#### DATA FOR THE TASK
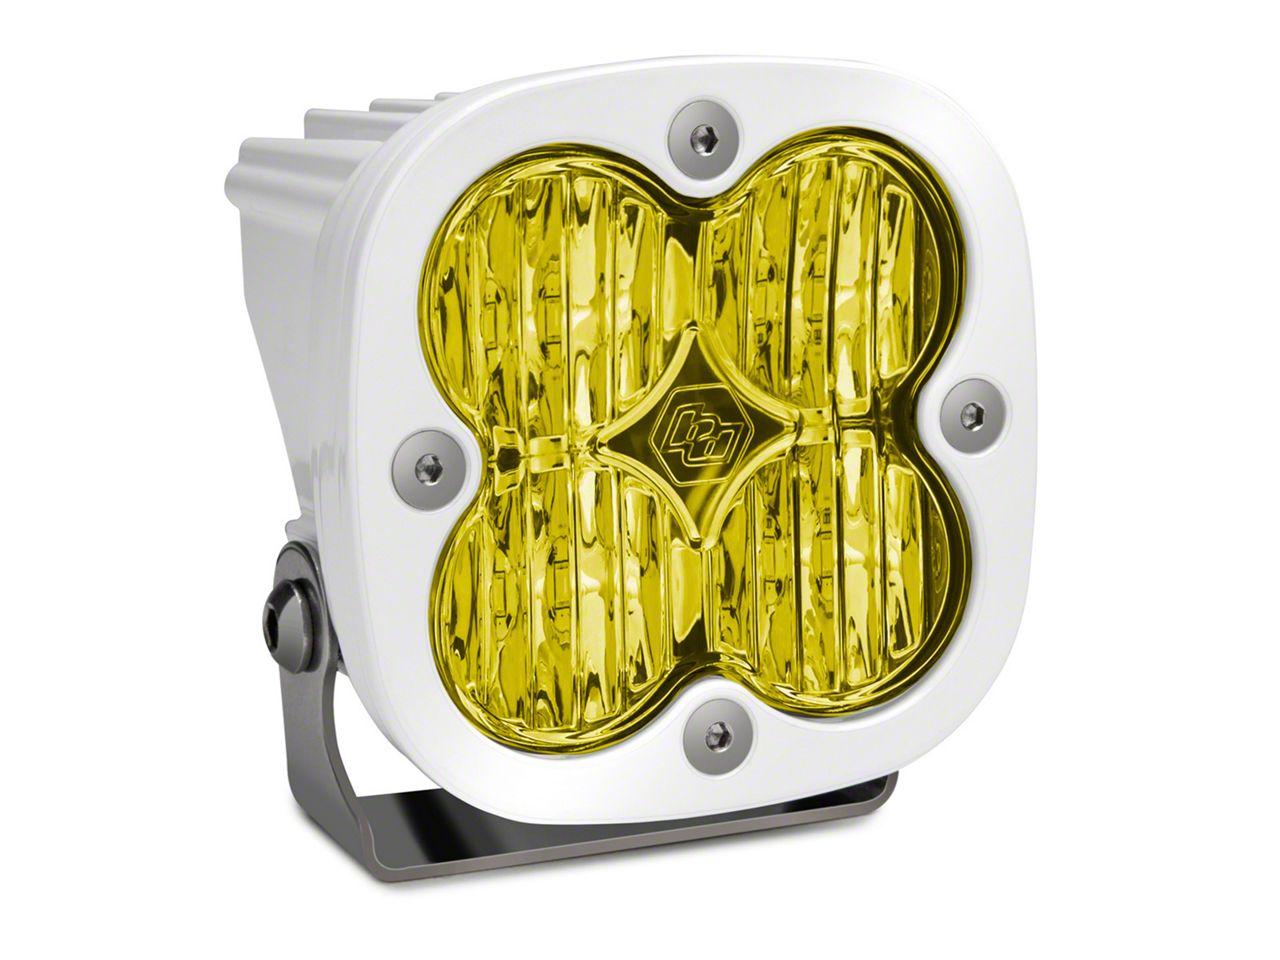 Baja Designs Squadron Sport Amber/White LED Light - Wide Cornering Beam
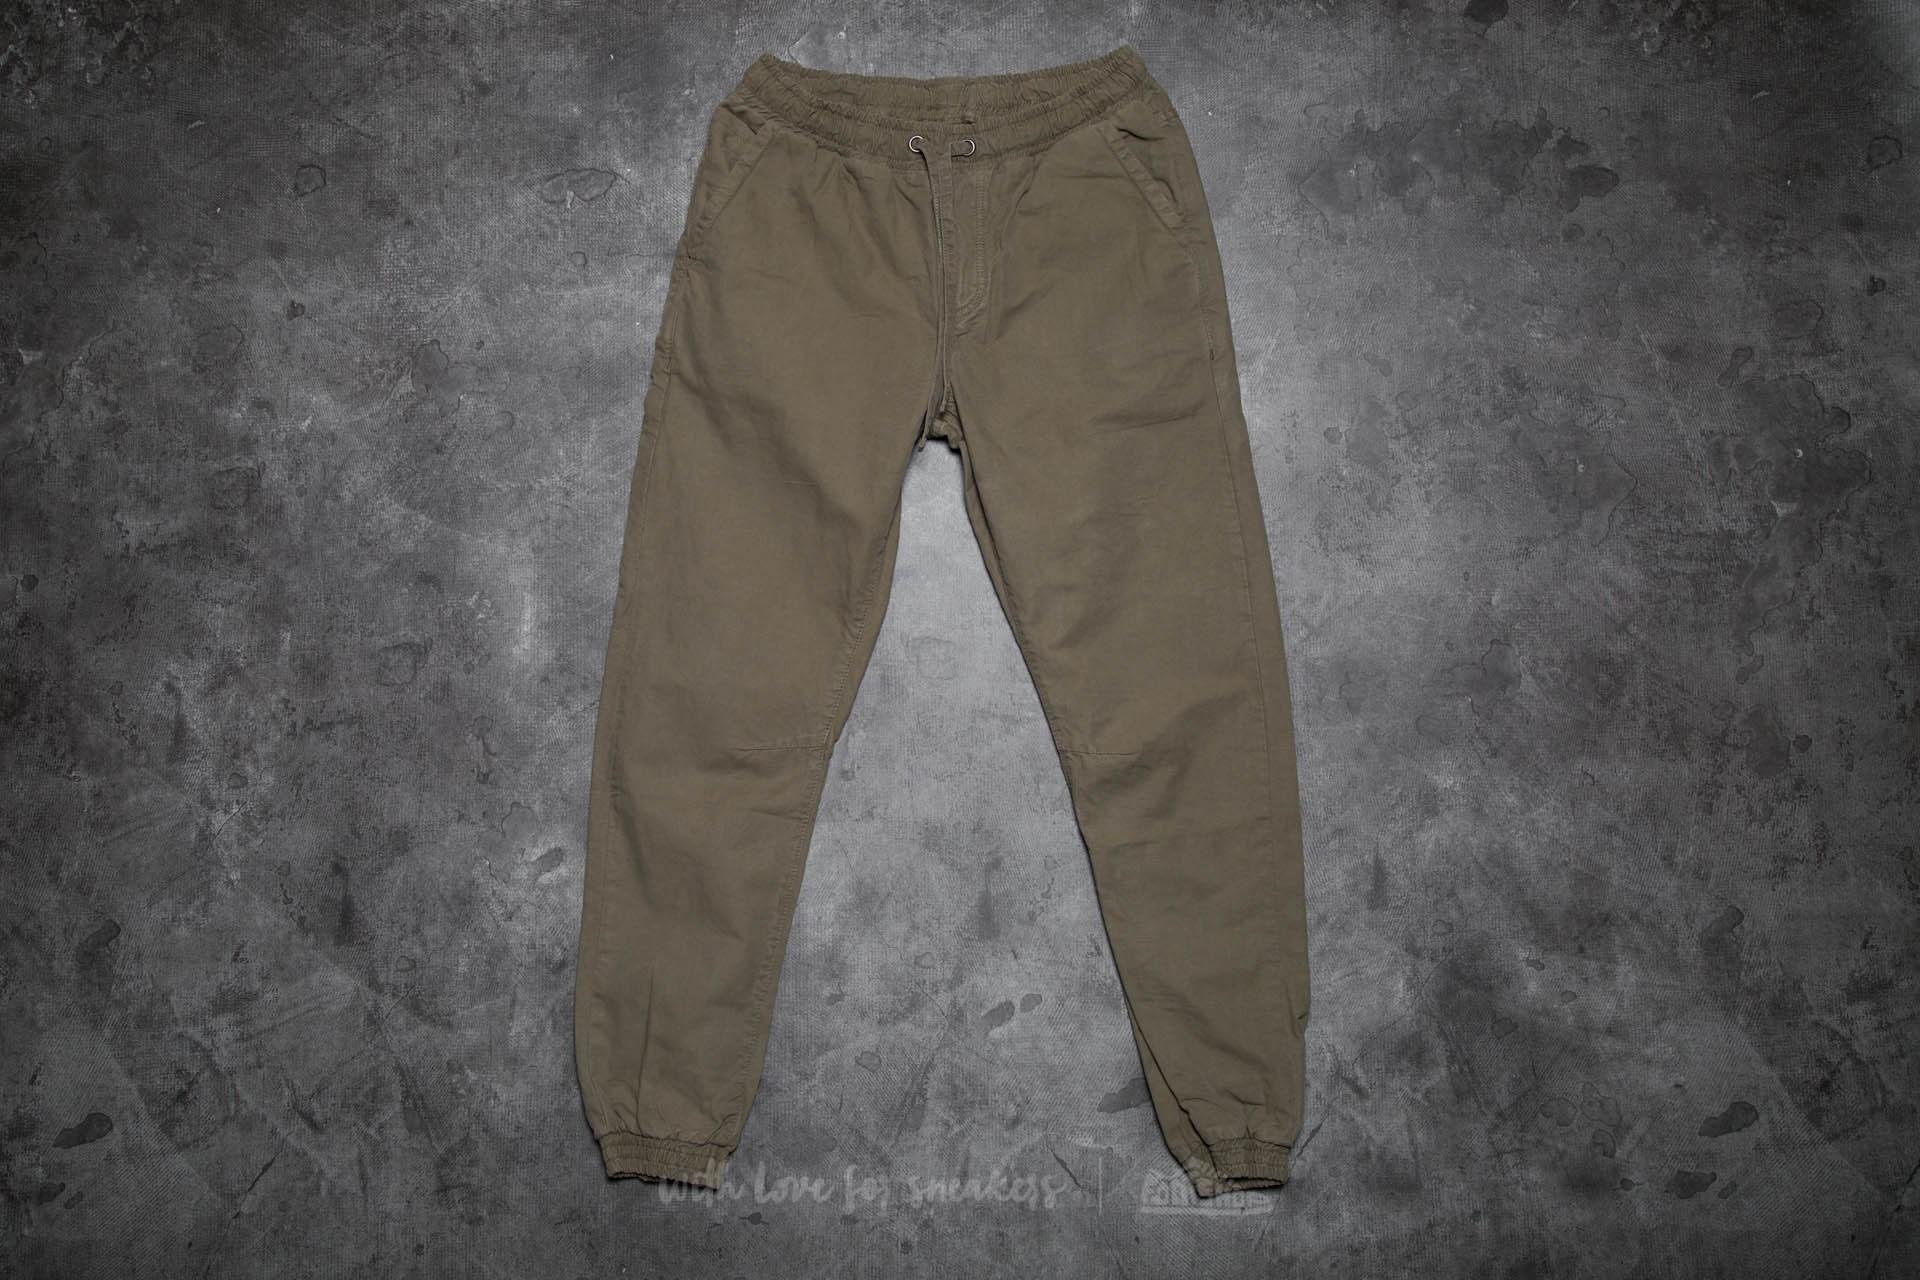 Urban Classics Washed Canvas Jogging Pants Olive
########
#### DATA FOR THE TASK
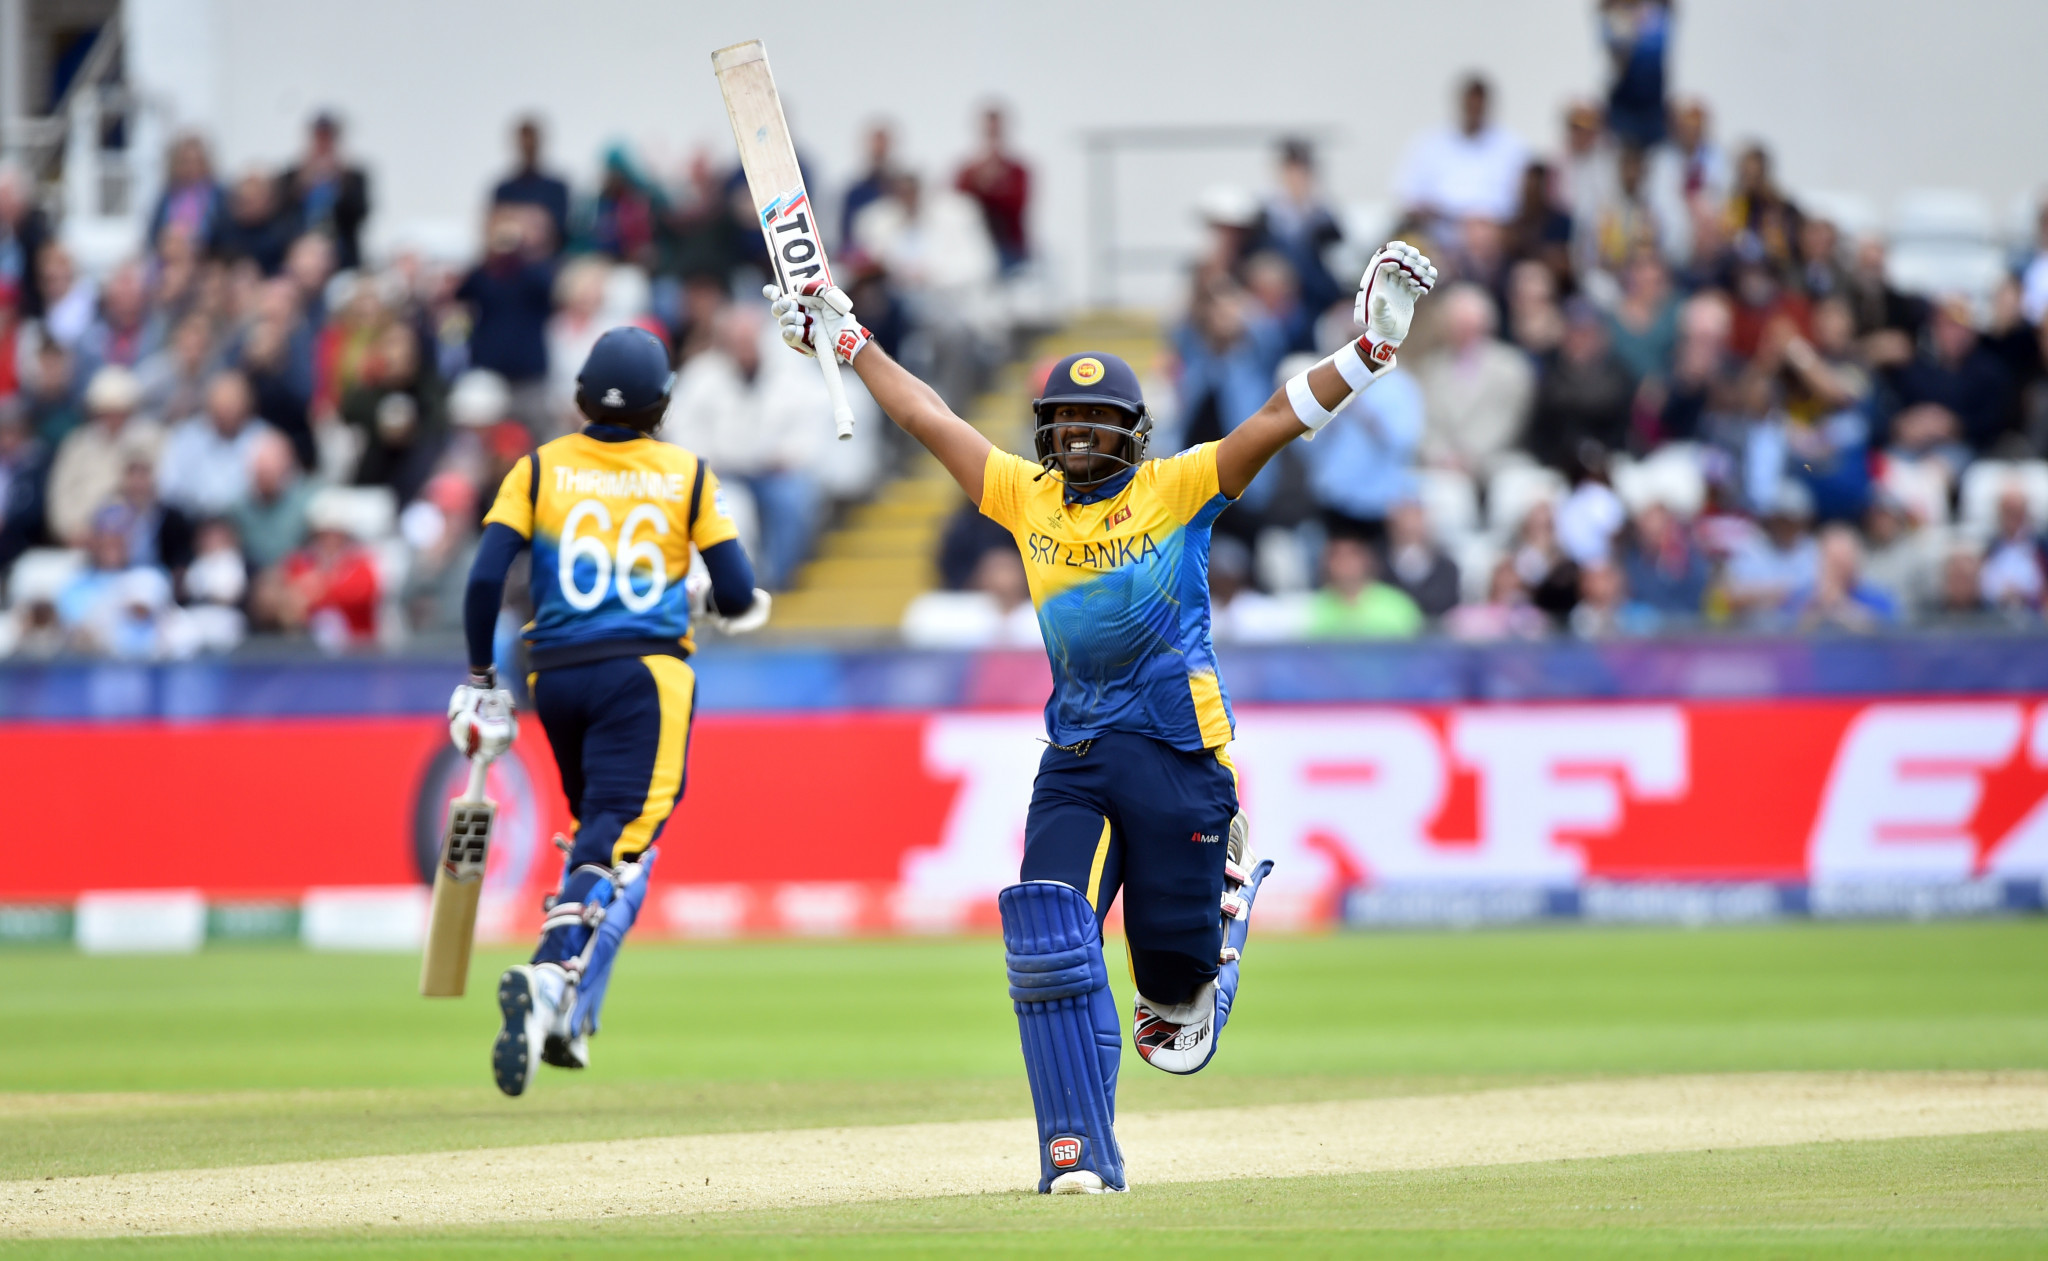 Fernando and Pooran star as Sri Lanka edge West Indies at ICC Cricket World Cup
########
- WHAT TO DO
Write out again exactly the lines above from the one with "Baja Designs Squadron" through the one with "Urban Classics Washed", adding no other lines and no pictures.

- ANSWER SECTION
 Baja Designs Squadron Sport Amber/White LED Light - Wide Cornering Beam
 Urban Classics Washed Canvas Jogging Pants Olive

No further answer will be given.